• _Task objective_: Starting with the line that holds "Maarten Tjallingi, Eneco" and stopping after the line that holds "Sanlorenzo Yachts SL86", repeat the lines below word for word, without the pictures.

• _Given data_:
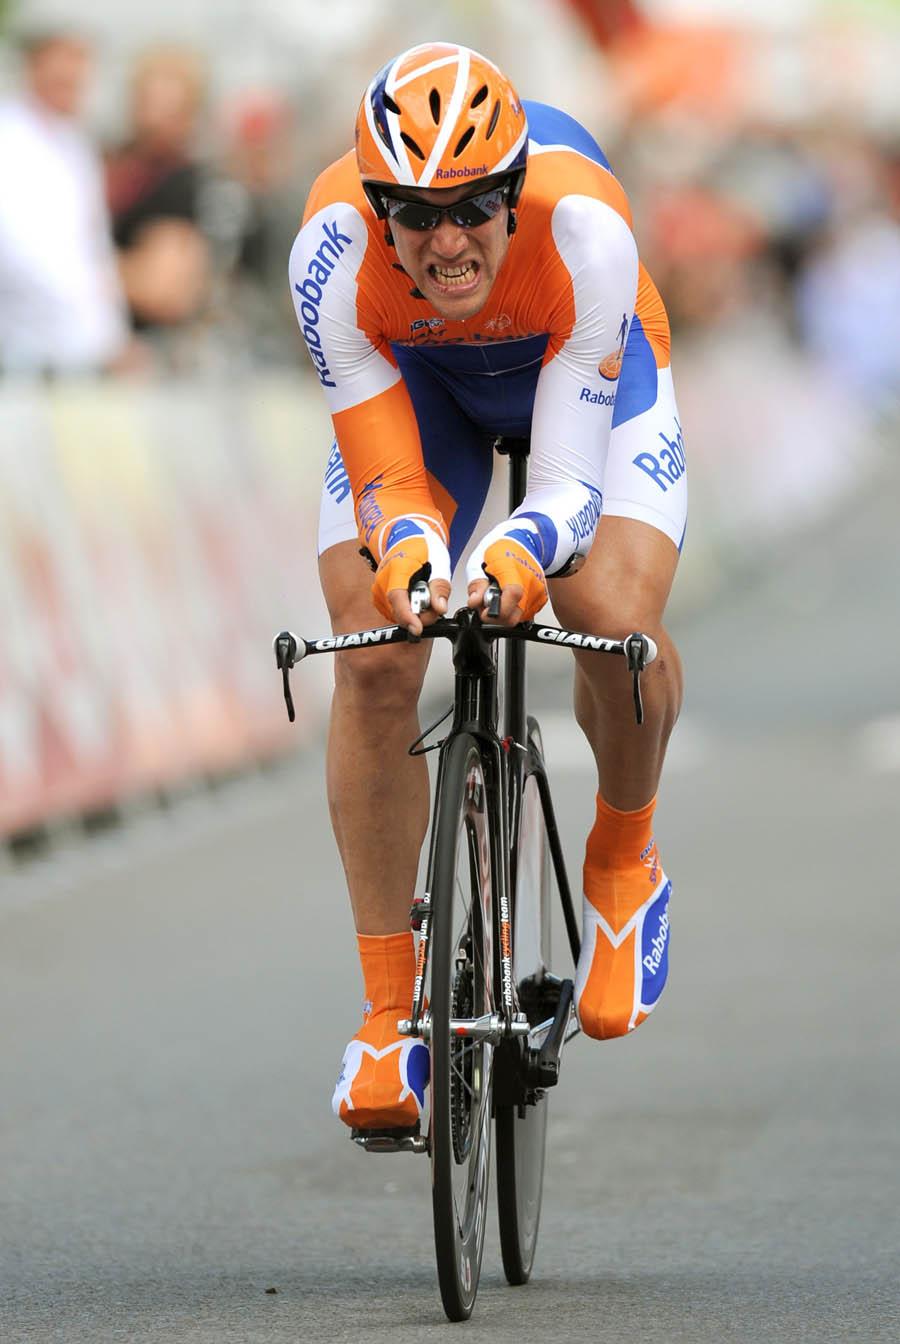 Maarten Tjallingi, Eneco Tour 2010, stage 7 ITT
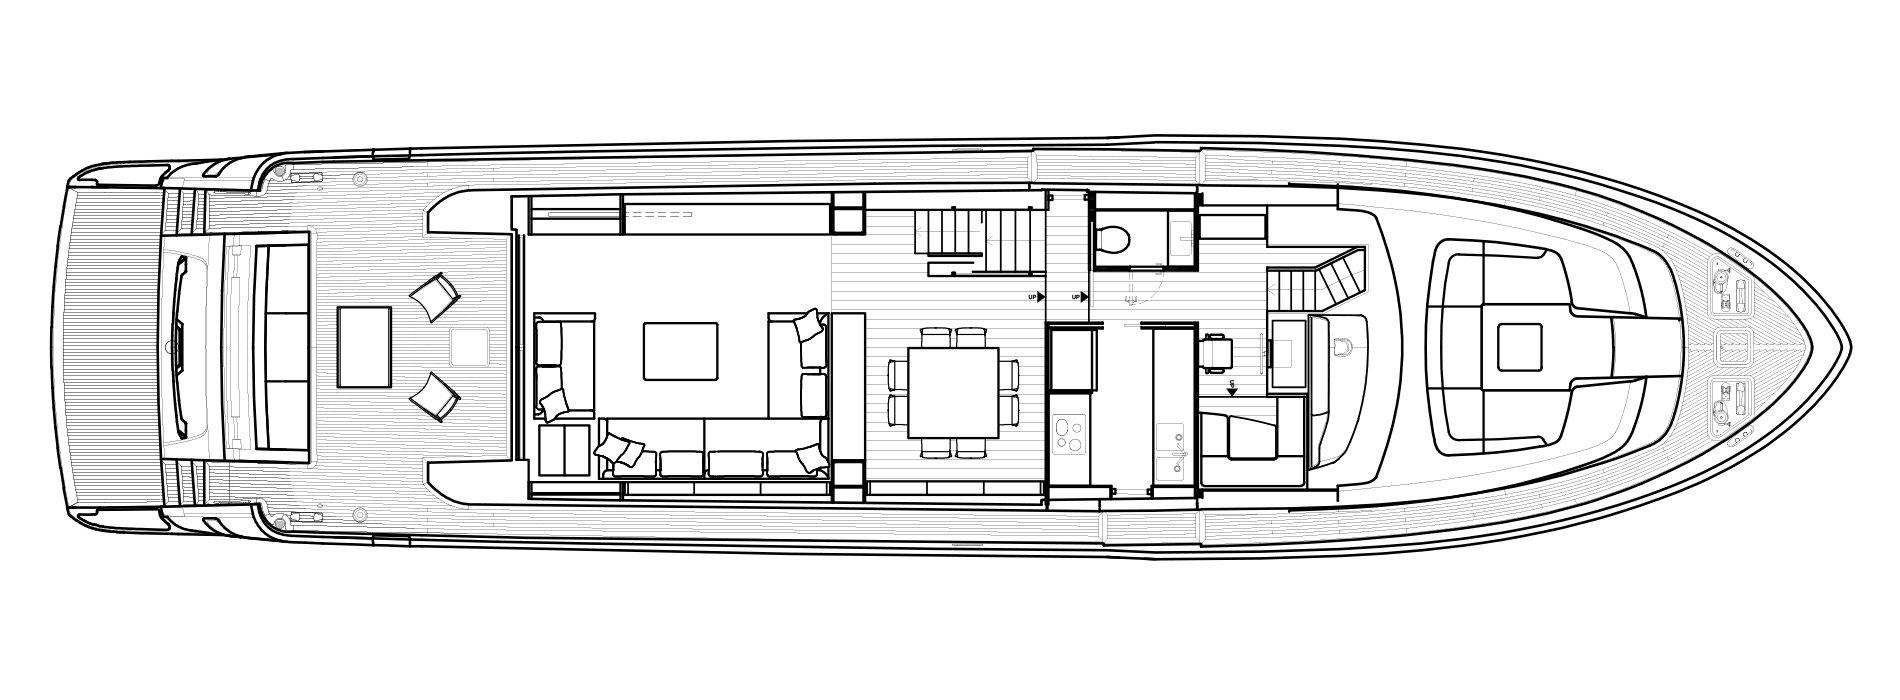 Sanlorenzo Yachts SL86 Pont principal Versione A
* * *
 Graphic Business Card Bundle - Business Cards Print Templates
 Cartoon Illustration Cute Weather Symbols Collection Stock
...
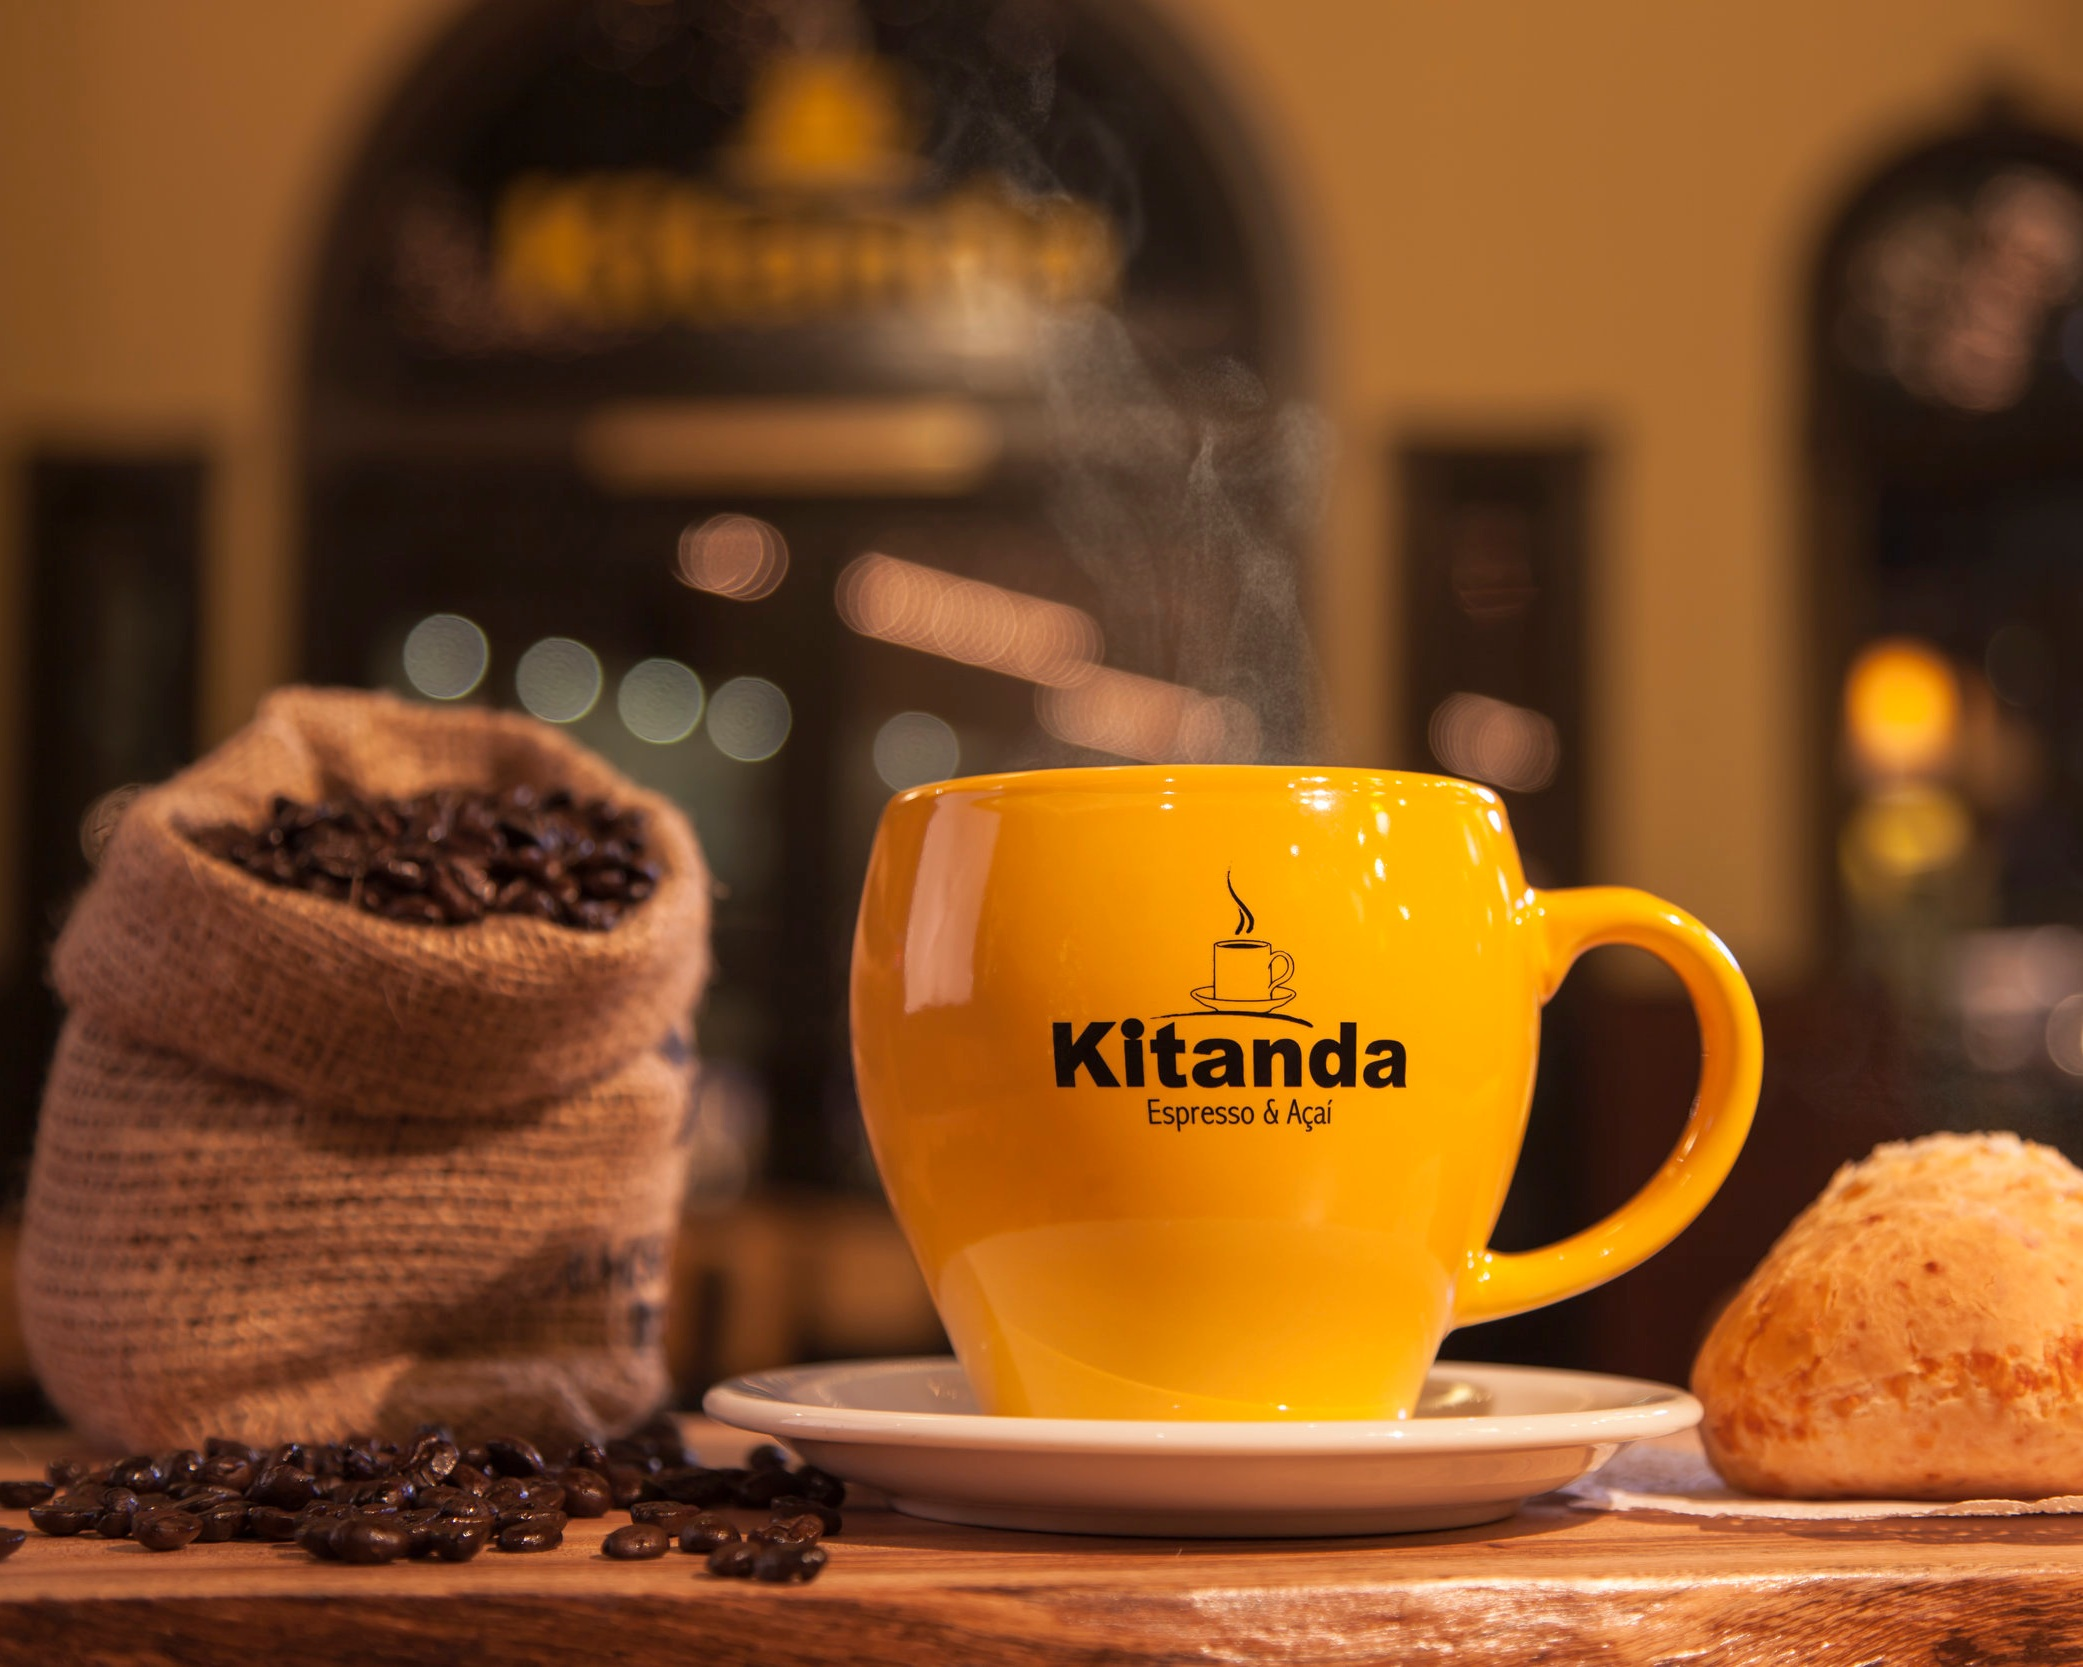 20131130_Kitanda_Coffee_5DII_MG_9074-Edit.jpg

• _Reply to the task_:
 Maarten Tjallingi, Eneco Tour 2010, stage 7 ITT
 Sanlorenzo Yachts SL86 Pont principal Versione A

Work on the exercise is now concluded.